The first input layer takes the seventeen input features from the MUCHD dataset. The combination of the inputs, weights, and bias are supplied to the activation function as ReLU and Sigmoid with ten hidden layers which are passed further to the next layer. The ReLU function is efficient in computation and scale-invariant. The Sigmoid function is used to fix the data into the range [0,1] for implementation. The DNN algorithm uses a backpropagation technique for classification. The DNN must return through its layers, update the weights to improve itself and minimize the cost function back to the input. The hyperparameters are then fine-tuned. The assigned weight and bias values are updated to reduce the loss function. The Loss function measures how far the predicted output is from the actual output, which determines whether to decrease or increase the weights and bias. Compute the gradient descent which adjusts the parameters by moving to a flat region. the gradient/derivative of the cost function determines whether the weights and bias decrease or increase compared to the optimal weight value. This process is repeated until the proposed system approaches the perfect predicted output as shown in Algorithm 1. MLP is a feedforward neural networks that have various layers of perceptron. In MLP each linear combination is propagated to the next layer based on the result of their computation. the perceptron can only provide outputs in the form of 0 and 1 which will be effective in the binary classification of diabetes. The predicted output is compared with the desired output for the given input.

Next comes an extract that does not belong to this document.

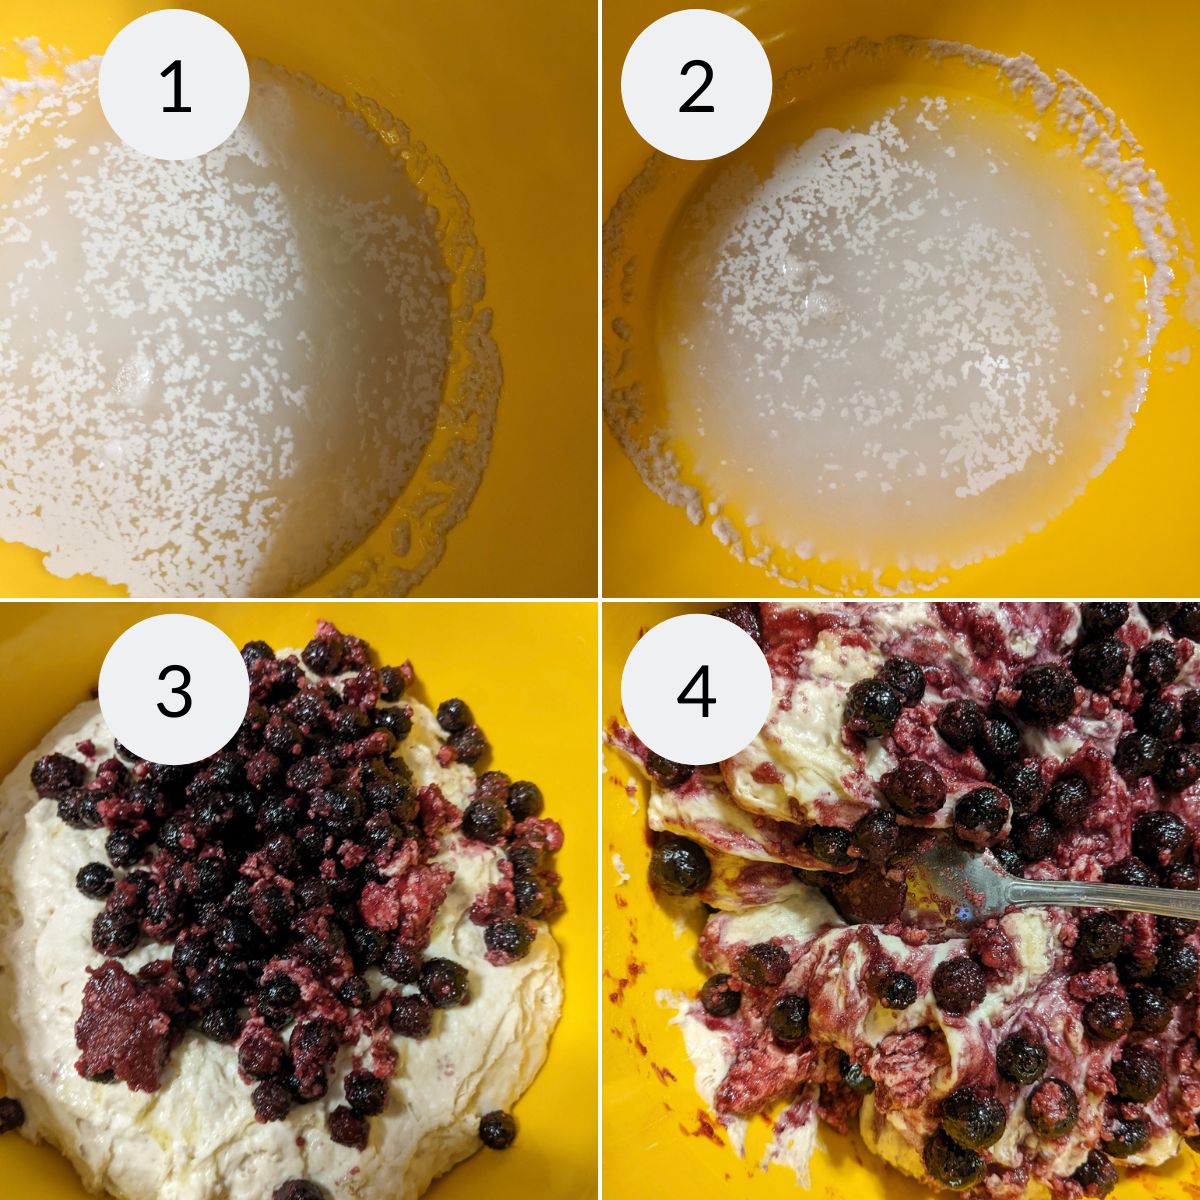 Mixing the dry ingredients for the donuts, then adding the wet and finally the blueberries.

This led to an error that we wish to minimize see Algorithm 1 and Table 6.

Algorithm 1

The DNN Algorithm.

Table 6 Notations of Algorithm 1 and their descriptions.

The construction of a DNN

The Construction of DNN Algorithms and architecture is explained in Figure 5.

Figure 5

DNN architecture.

Input layer

Input the seventeen input features [X₁, X₂, X₃,...., X₁₇] into the input layer. Typically, the input values are scaled to fall values between 0 and 1.

Hidden layer

The maximum number of hidden neurons that can be used without causing overfitting using Eq. (2) ¹⁹.

$${{\text{N}}}_{{\text{h}}}={\text{m}}(\mathrm{\alpha }*\left({{\text{N}}}_{{\text{i}}}+{{\text{N}}}_{{\text{o}}}\right))$$

(2)

$$\mathrm{Nh }= 548 / (4*(17+1) =7.61 \sim 8\mathrm{ neurons}$$

In a feedforward neural network, the number of neurons in the hidden layers is denoted by N_h while the total number of samples in the MUCHD dataset is represented by m, an arbitrary scaling factor, α, typically falls between 2 to 10, the input layer is denoted by N_i, and the output layer by N_o.

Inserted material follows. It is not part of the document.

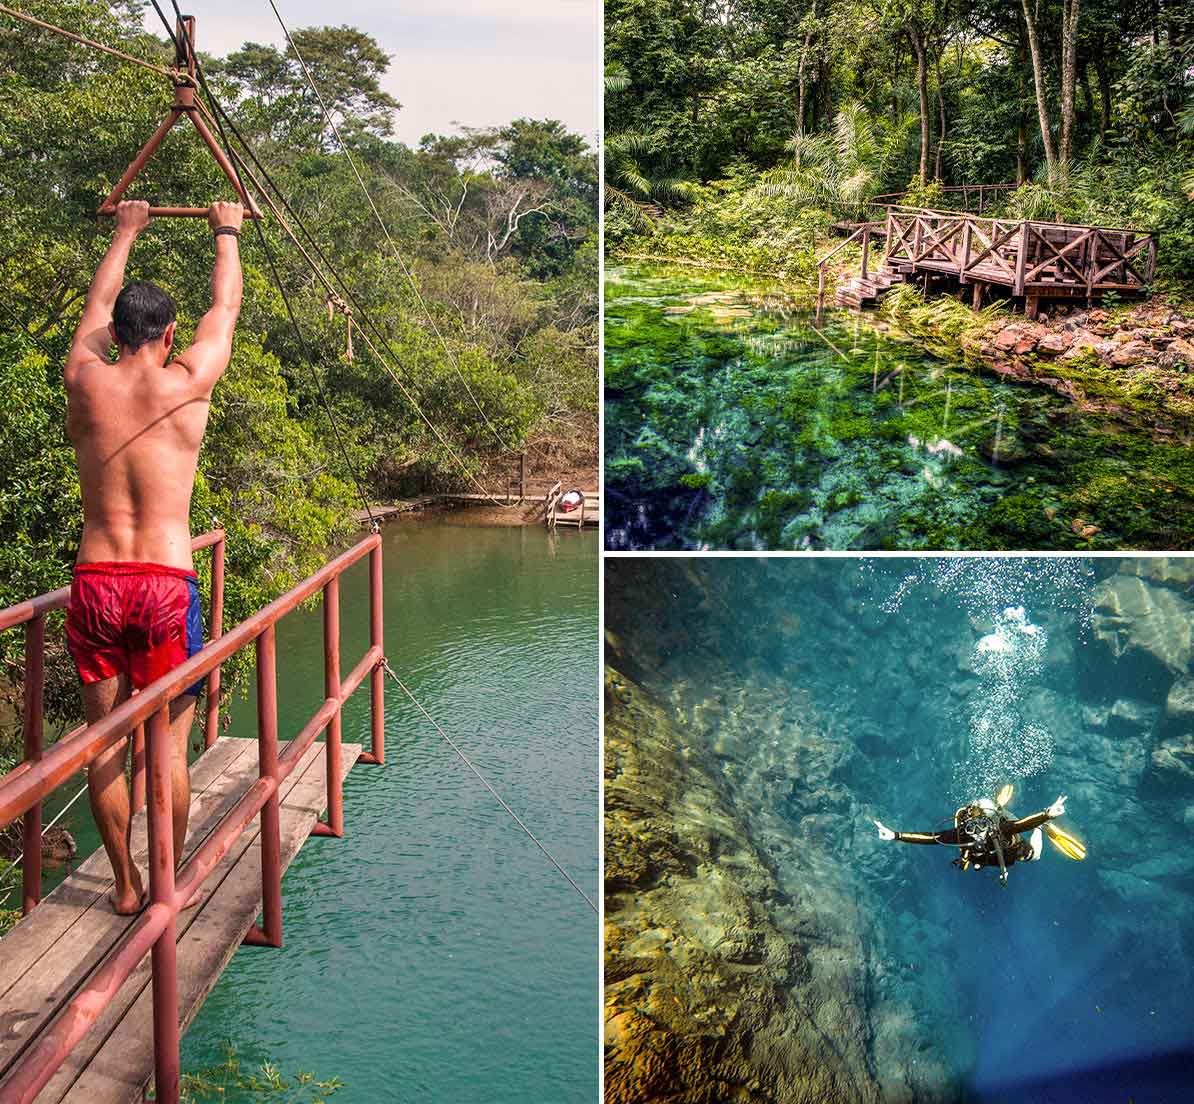 A collage showing a man about to zip-line, a wooden platform next to a pond, and a scuba diver.

• Initialize the trained weights (W) parameters of the model, random real numbers between 0 and 1 are assigned to each parameter [\(\uptheta\) ₀, \(\uptheta\) ₁, …, \(\uptheta\) ₁₇].

• Let the bias node be (b).

• Let T be the transpose of weight.

• Creates a linear transfer function (Z) out of all the inputs²⁰.

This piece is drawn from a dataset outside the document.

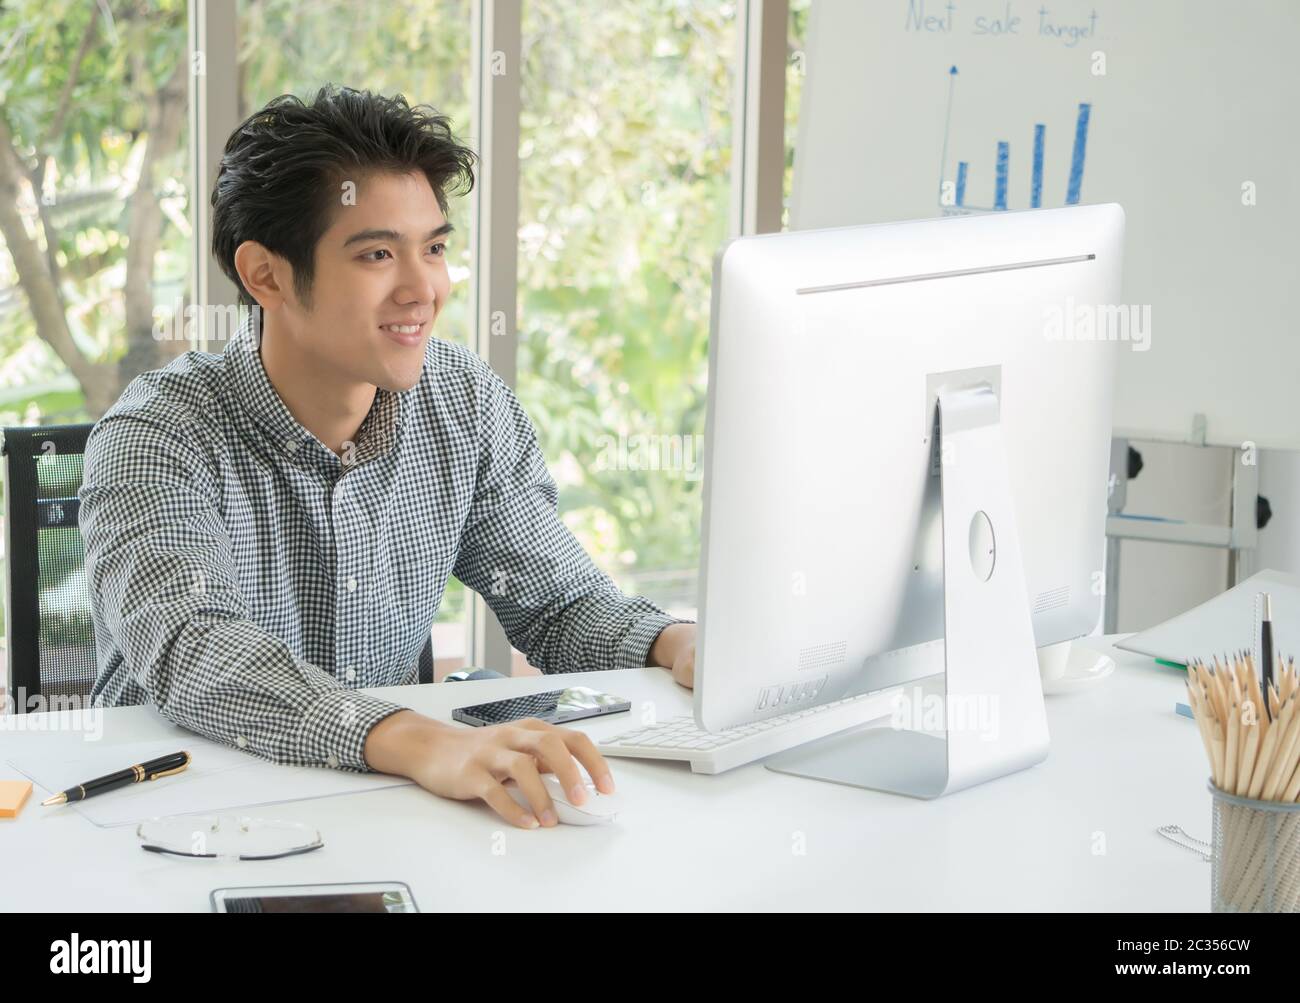 The handsome Asian man, aged 25-35, is sitting at the desk and smiling happily. He is the head of marketing. He monitors sales on the computer screen. Stock Photo

• Let a counter (i) be used to track the input features and n is the total number of input features. During the feedforward propagation, this process is repeated from i = 1 to n using Eqs. (3)–(6).

  $${\text{Z}}= \sum_{i=1}^{i=n}{{{\text{W}}}^{T}*X}_{i}+b$$

  (3)
  $${\text{Z}}={{\uptheta }_{1}*X}_{1}+{{\uptheta }_{2}*X}_{2}+\dots +{{\uptheta }_{n}*X}_{n}+b$$

  (4)

• Replace the bias factor (b) with the elements \({\uptheta }_{0}*{X}_{0}\).

  $${\text{Z}} = \theta_{0} * X_{0} + \theta_{1} * X_{1} + \theta_{2} * X_{2} + \cdots + \theta_{17} * X_{17}$$

  (5)

• Let \({X}_{0}=1.\)

  $$Z = \theta_{o} + \theta_{1} * X_{1} + \theta_{2} * X_{2} + \cdots + \theta_{n} * X_{n}$$

  (6)

• Apply the activation function (g). We use ReLU and Sigmoid functions to take the input from a preceding linear node (Z).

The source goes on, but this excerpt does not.